Schools in the early days resisted ballroom dancing, as immoral. Later, McCook encouraged dancing in the school.

High school musicians gained experience by playing in Swing Bands for Sock Hops (to protect the gym floor) at the school gym and at the YMCA.

Through the 1960s, dancing at the clubs or at the auditorium was very popular, and quite formal. Men wore suits, with white shirts and ties. Women wore nice dresses. Band members were sharply dressed in tuxedos. (McCook even supported TWO successful dance clubs.)

At the Elk’s Club there was a great crowd every Saturday night to dance to one of the popular regional dance bands, and on New Year’s Eve two bands were hired (one in the upstairs ballroom, one at the downstairs improvised ballroom). It was so crowded (and smoky) that everyone moved in unison around the floor in one direction. On Sundays, at outdoor clothes lines around town, it was common to see a man’s suit and a woman’s party dress, airing out the smoke from Saturday night’s dance.

There are probably a number of reasons for the demise of Ballroom Dancing. (Probably the purest form of Dancing today is preserved in the southern Western Swing Dance Palaces.)

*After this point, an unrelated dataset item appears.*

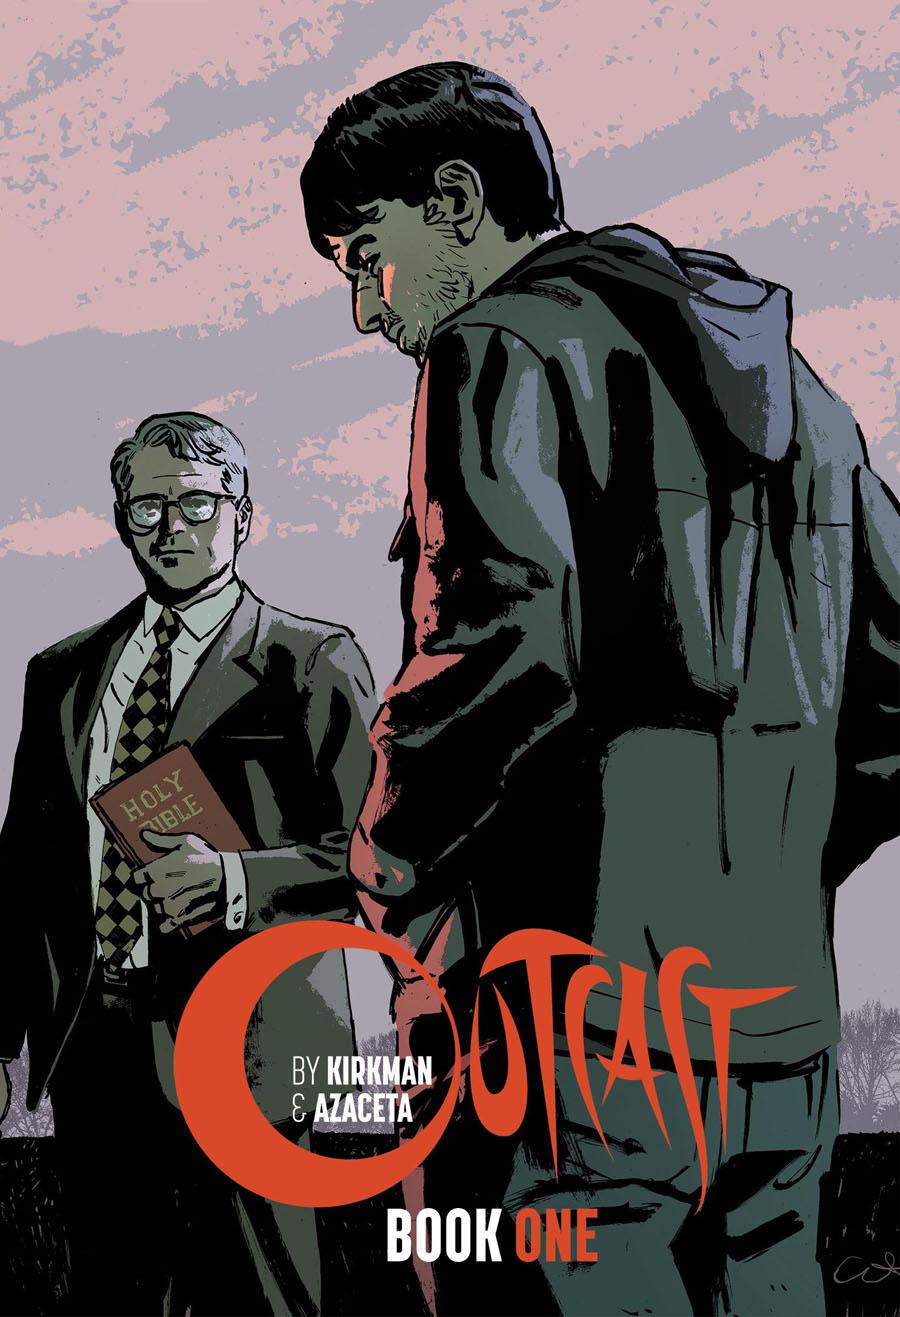 LCSD 2016 Outcast By Kirkman & Azaceta Book 1 HC Variant Cover

The phonograph and radio had helped popularize dancing. New tunes were introduced via radio, and jukeboxes turned cafes into little dancehalls. Bands playing at big city hotels had programs on network radio. After the 10 o’clock news, a couple could put the kids to bed and dance to leading orchestras in their own living room. TV, on the other hand, probably diminished dancing. Early TV had an alluring array of programs on Saturday night and people stayed home to watch, rather than going out to dance. Also, traveling bands became very expensive to keep on the road. And then, The Beatles came along and began the change in music that continues to the present day. No doubt music will keep evolving. No one can say what will come next. Some keep hoping for a comeback of the Big Bands and a resurgence of Ball Room Dancing. Maybe it will happen, maybe not. But for those of us who lived through that era, we have our memories. And it sure was fun while it lasted.